During his October session with the Select Committee, which I have referred to above, Mr Thornley-Taylor had been kind enough to offer a modicum of explanation for this stance, citing three papers that had been included in the research underling the WHO guidelines: one of these was specifically about railway noise; the second considered aircraft noise; and, the third had as its subject highway noise. This, so Mr Thornely-Taylor claimed, meant that the WHO guidelines applied to “specific sources” rather than, as the Counsel for HS2 Action Alliance put to him, to “noise emitted from all sources except noise at the industrial workplace” (see footnote 7).

This seems to me a flimsy pretext upon which to base such a major heresy as going against “the WHO guidelines opinion”.

During Mr Thornely-Taylor’s evidence the Chairman of the Select Committee, Robert Syms MP, felt obliged to apologise for the “smell in the room”, admitting that he was “not quite sure what it is”. Could it have been the odour of bulls**t, I wonder?

(To be continued …)


  1. The cross-examination may be viewed from 12:02hrs in the video and is recorded in paragraph 422 onwards in the transcript of the morning session of the HS2 Select Committee that was held on Wednesday 4thNovember 2015. The allegation may be found in paragraph 175 of the transcript.
  2. This section of the cross-examination runs from paragraph 514 to paragraph 548 in the transcript of the morning session of the HS2 Select Committee that was held on Wednesday 4thNovember 2015. The phase attributed to Mr Mould is recorded in paragraph 545 of that transcript.
  3. See paragraph 549 of the transcript of the morning session of the HS2 Select Committee that was held on Wednesday 4thNovember 2015. The extract from the WHO publication Guidelines for Community Noise may be found in the second paragraph of section 3.9.
  4. Mr Thornely-Taylor was appearing at the hearing of the noise aspects of the petition of the HS2 Action Alliance that took place on the afternoon of Monday 12thOctober 2015. The extract is taken from paragraph 260 in the transcript of that session.
  5. See paragraph 85 of the transcript of the afternoon session of the HS2 Select Committee that was held on Wednesday 4thNovember 2015.
  6. See paragraphs 55 and 59 of the transcript of the afternoon session of the HS2 Select Committee that was held on Wednesday 4thNovember 2015.
  7. See paragraphs 260, 262 and 265 of the transcript of the afternoon session of the HS2 Select Committee that was held on Monday 12thOctober 2015.

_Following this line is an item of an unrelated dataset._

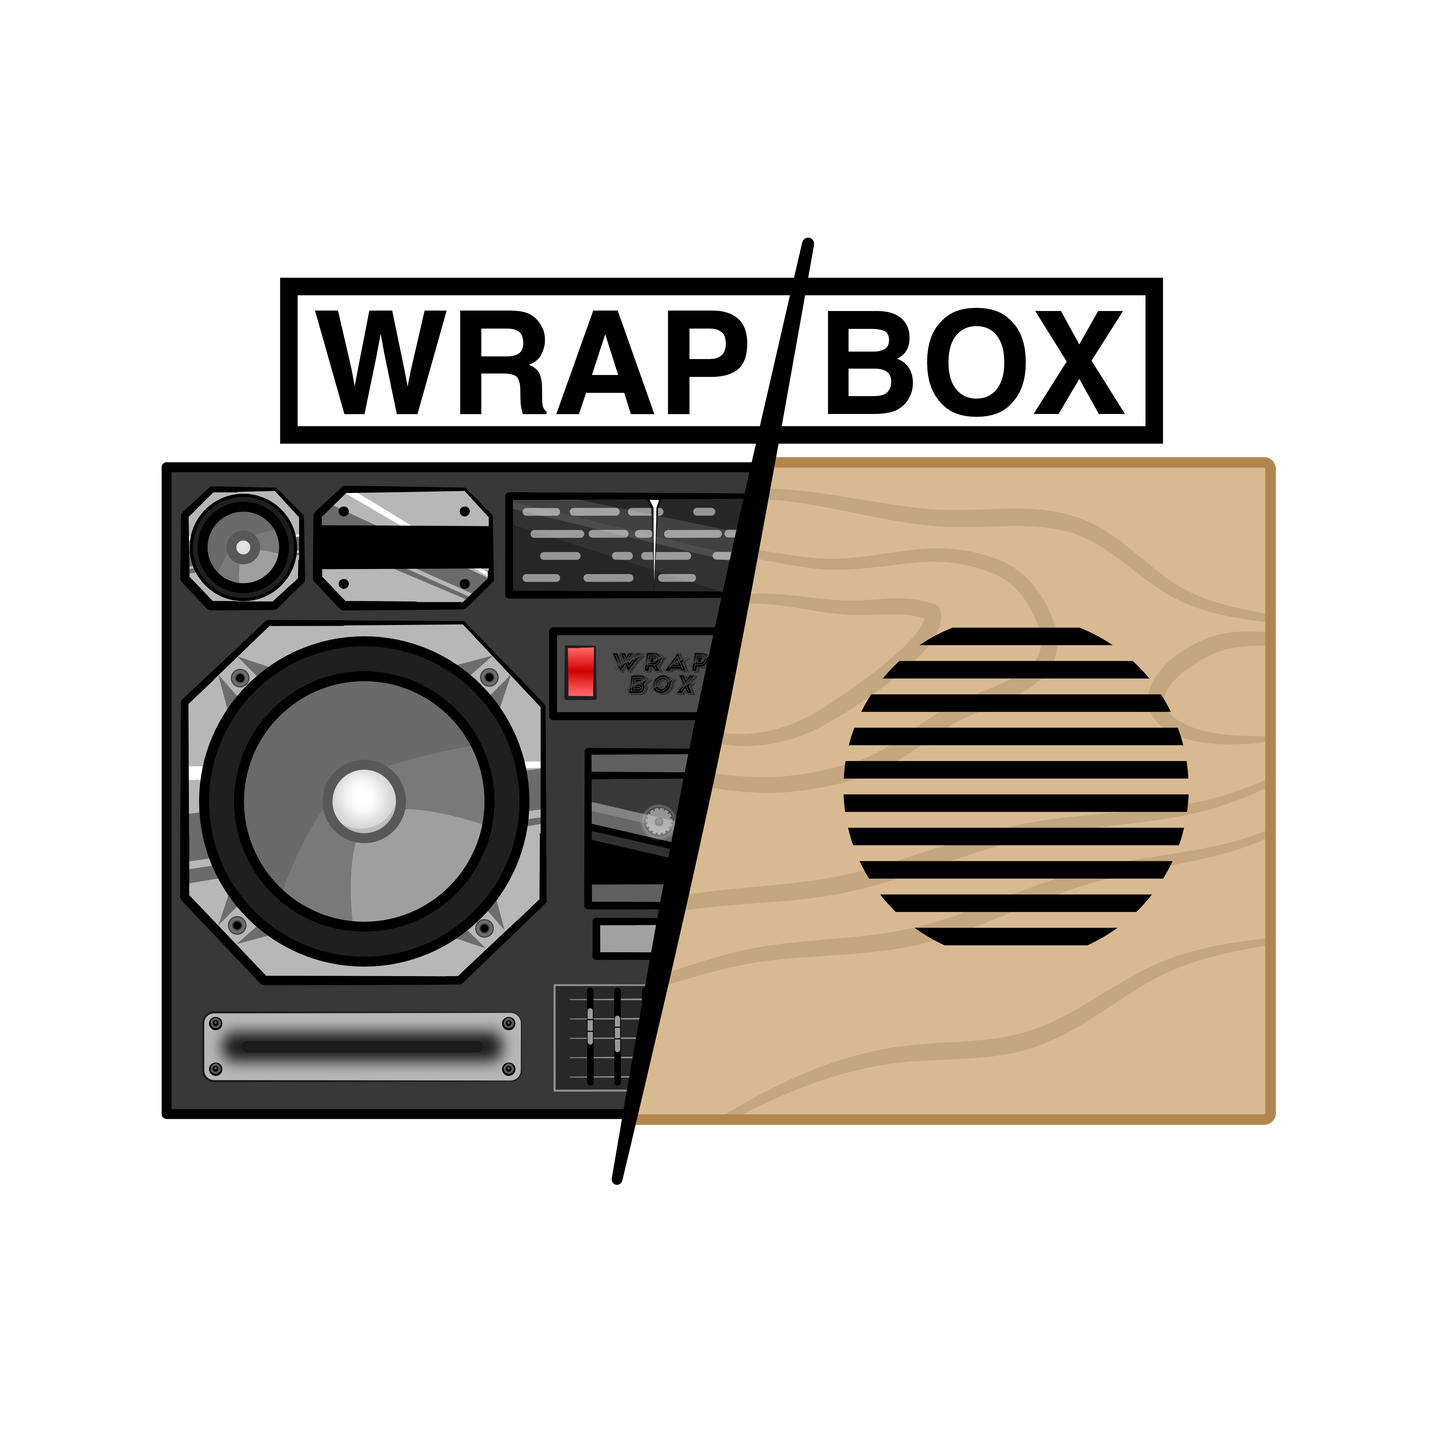 WRAPBOX - Bluetooth Apple Box Audio System

Acknowledgement: I wish to thank Michael Woodhouse for his suggestions and comments, which I have found invaluable in preparing this series of blogs.

Important Note: The record of the proceedings of the HS2 Select Committee from which some of the quotes reproduced in this blog have been taken are uncorrected transcripts of evidence, which are not yet an approved formal record. Neither witnesses nor Members have had the opportunity to correct the record in such instances, and it may therefore be subject to changes being made in the light of any such corrections being requested.